Keeping proper/legally valid medical records is a must and should include patient's complete name on each and every medical record. Record both the medical act performed or the advice given as well as the purpose/reason for that particular medical act/advice. Ensure there are no inconsistencies in different medical records or at different places in the same than erasing or putting white ink. Put a circle around the inconsistent remark and write the correct one by its side and sign. Take patient's/legal guardian's signature or initials on every page of consent form/medical records. Correcting medical records is permissible but fabricating or manipulating is both illegal and unethical, and if found by court, the consequences are disastrous as the doctor loses all sympathies of the court. Sathyaprabha Sujathan v. VenniyilDr. Sukumara Pillai Memorial Hospital and Anr.(5MLCD a40;j99-March 2012).[3] Detailed notes of operation including types of suture materials used is mandatory. The concept of having detailed record is such that your peer can continue the treatment from midway, having perused the documents. Failure to do so tantamount to negligence. Always check preanesthesia assessment records before starting an operation. Always sign along with the OR nurse in prescribed format regarding the count of instruments, mops, etc., for every operation.

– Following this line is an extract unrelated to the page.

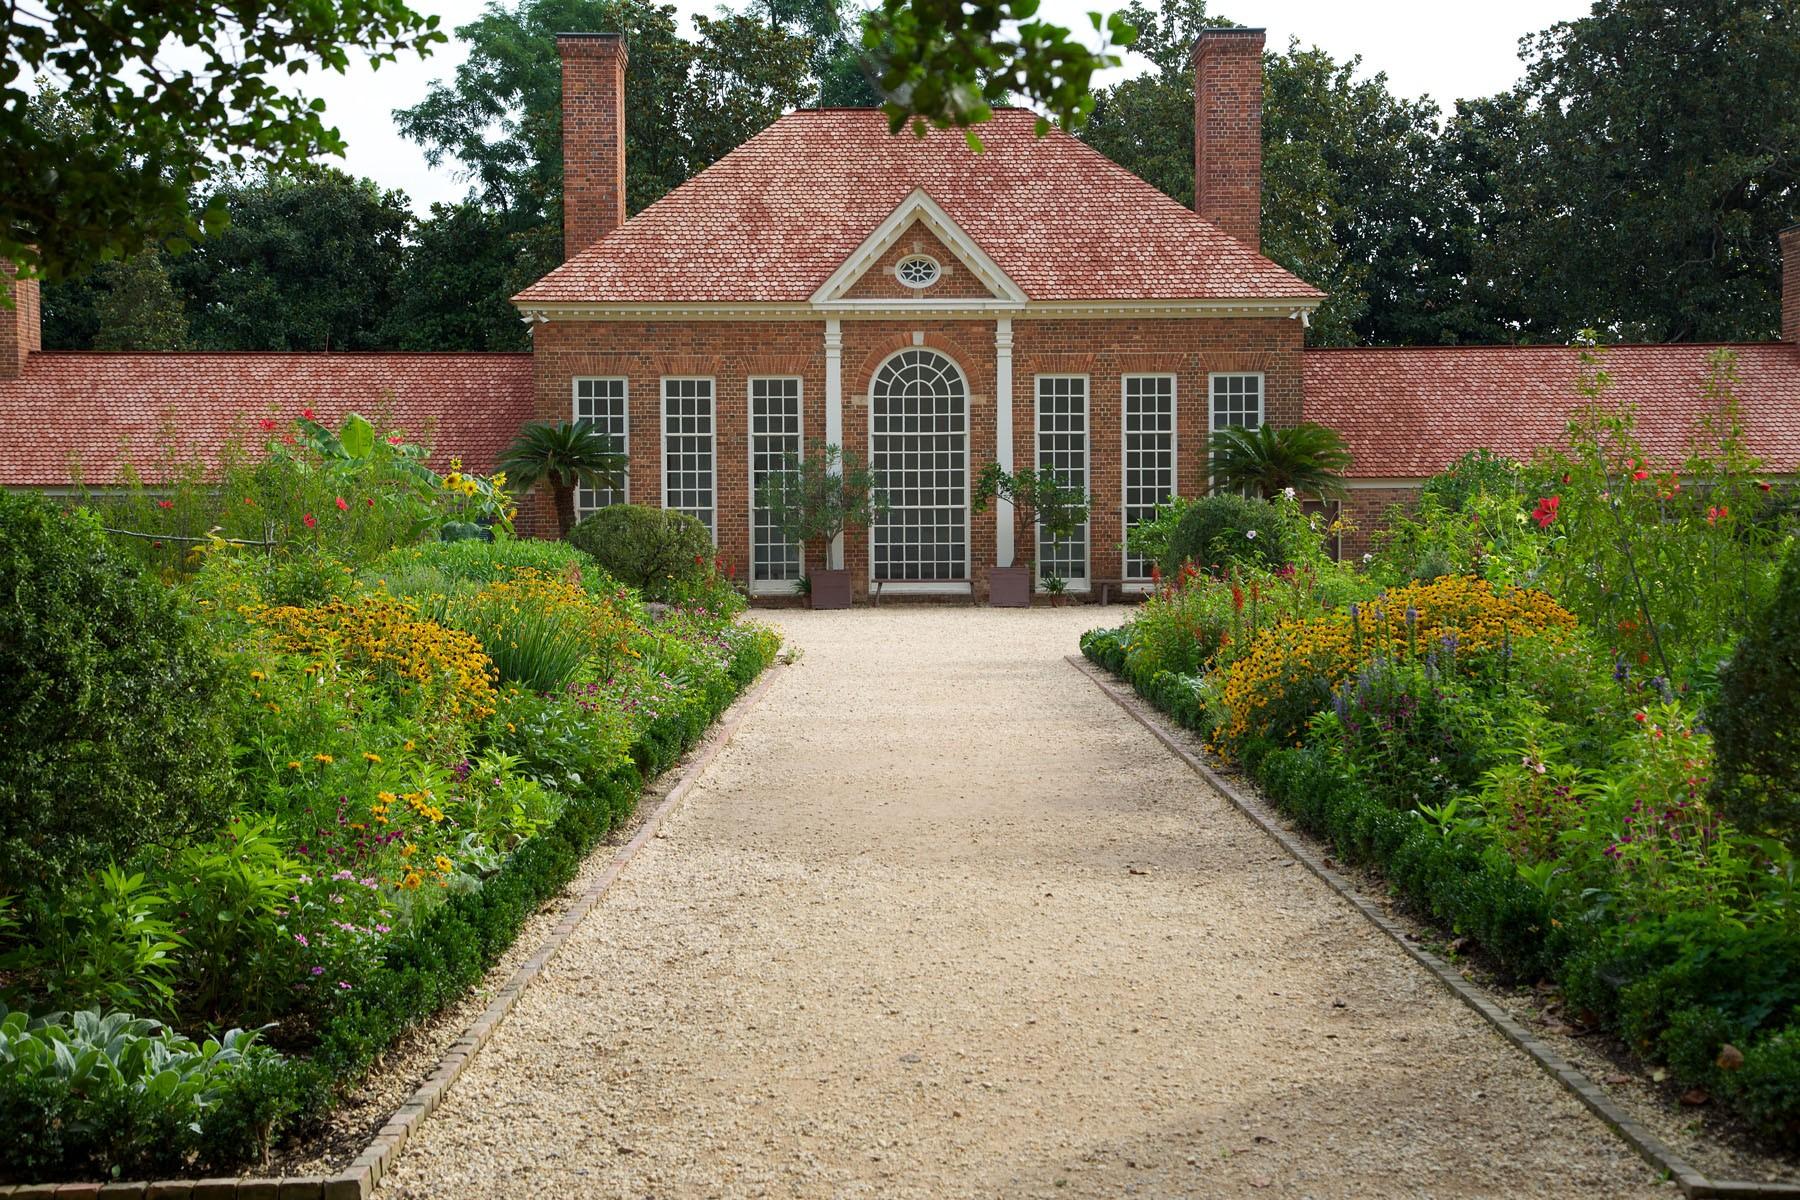 Comment Faire Un Beau Jardin bienvenue à mount vernon · george washington's mount vernon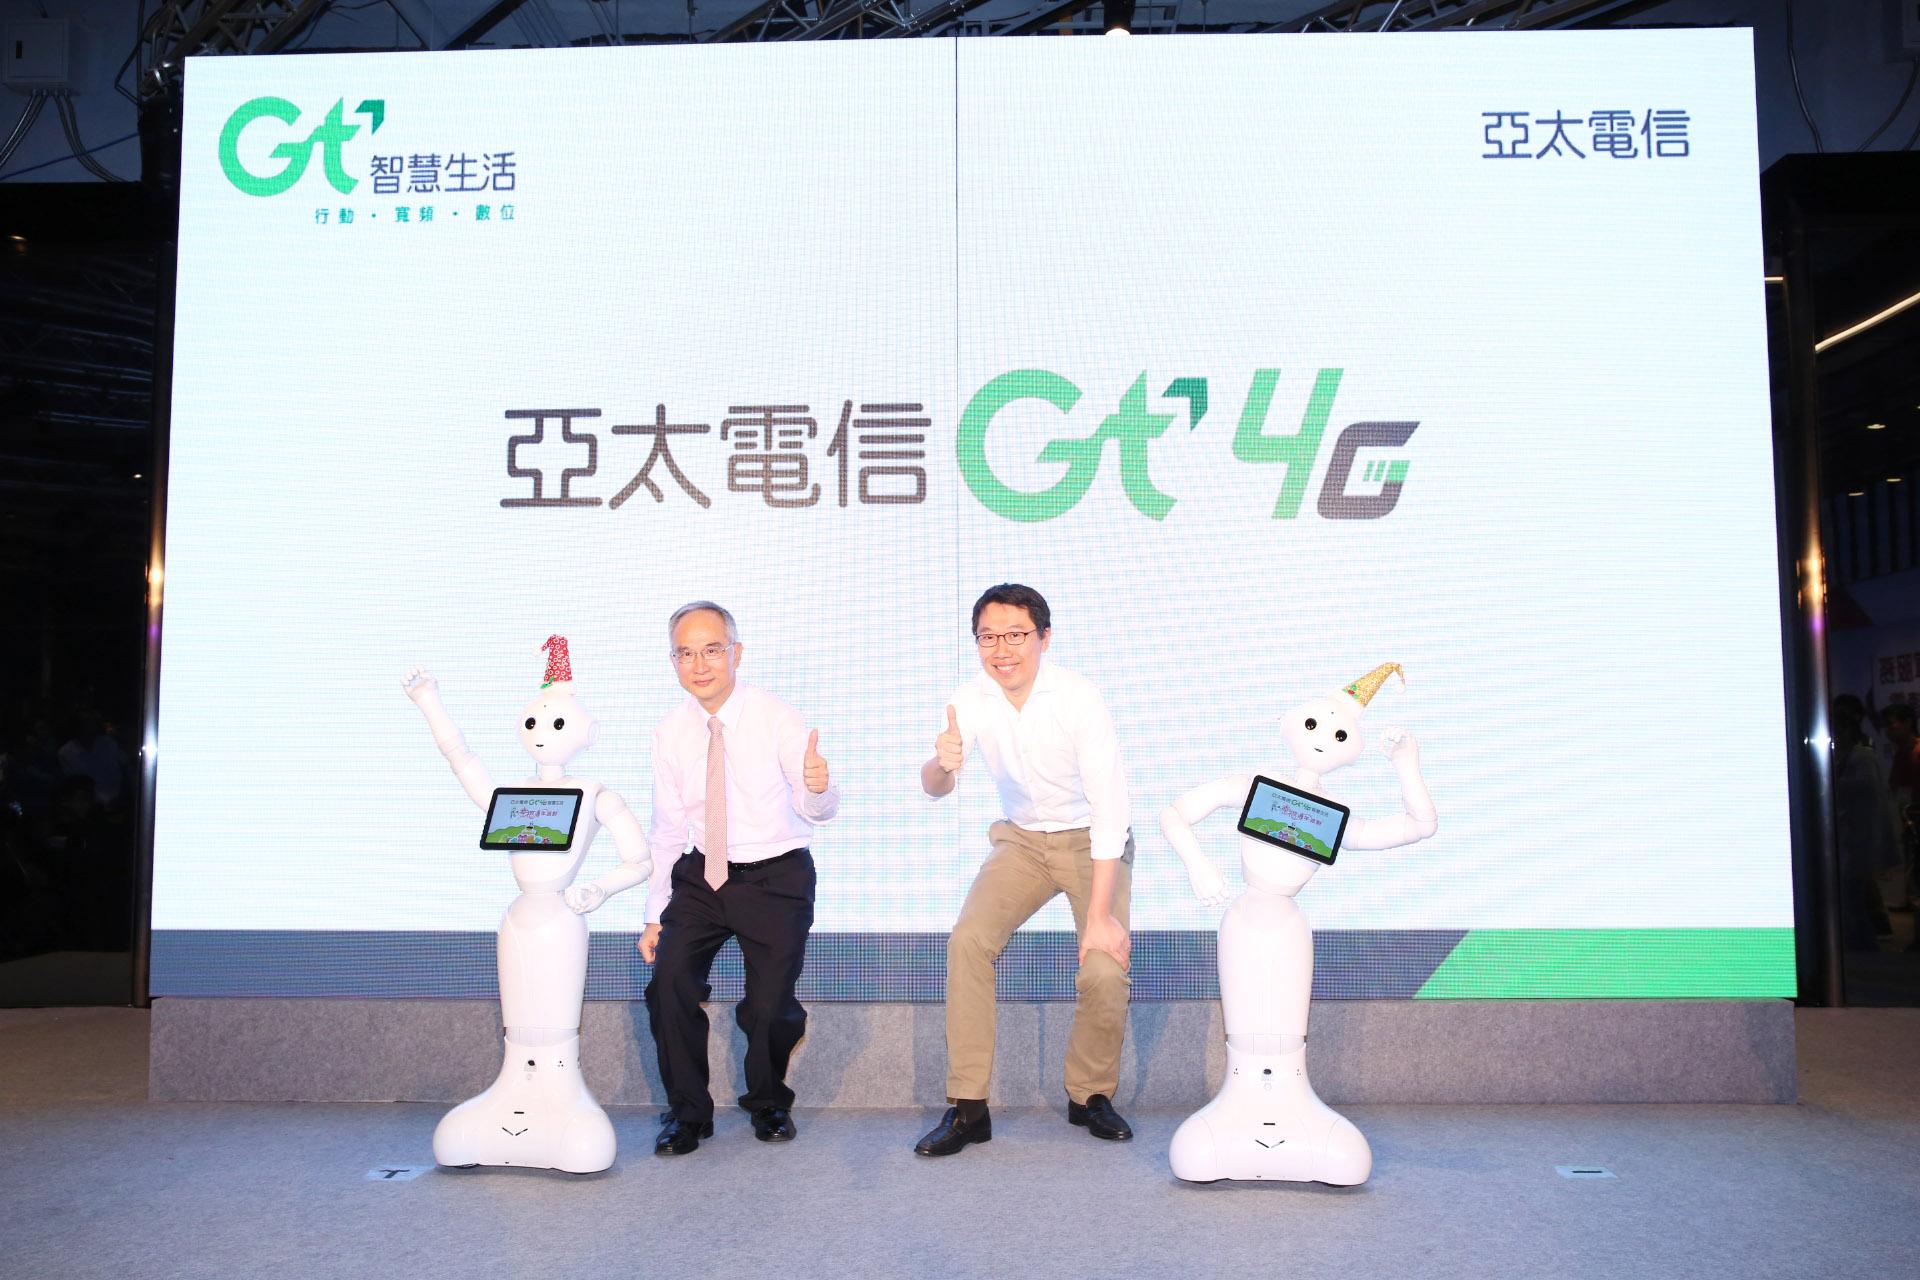 日本機器人 Pepper 現身三創,常駐亞太電信門市擔任駐店大使

During surgery, if you find something unexpected, it is advisable to explain your plans to the legal guardians, before proceeding further (Do not hesitate to call the guardian within the operating room and show them the condition and explain your plan to cure, especially in cases of removal of organ, resection and anastomosis in emergencies, torsion testis etc. _ this is helpful in court of law as it would be on audiovisual record). One can ask the anesthesiologist to take the video of the proceedings. (This also acts as a deterrent for the patient's guardian to sue the doctor).


   Medicolegal Negligence Top


Clinical standards continue to improve but the complete eradication of error is an unattainable goal. For individual clinicians, there is no foolproof method of avoiding being sued (short of deserting clinical practice altogether), but attention to a few basic risk management principles reduces the risk and in the event of a claim, renders a successful defense more likely.[2]

Claimants have to prove (Law of Tort)

  1. They were owed a duty of care by their health-care provider
  2. There was a breach of that duty
  3. That they suffered harm as a result.


Duty of care is established as soon as a treatment is proferred. Hence, the first contention of the claimant is easy to overcome.

The second requires demonstration that the care provided fell below an acceptable standard. This in India and most countries in the world is judged by the Bolam test which, in essence, states that care must be provided in accordance with accepted medical practice, as determined by experts in the field.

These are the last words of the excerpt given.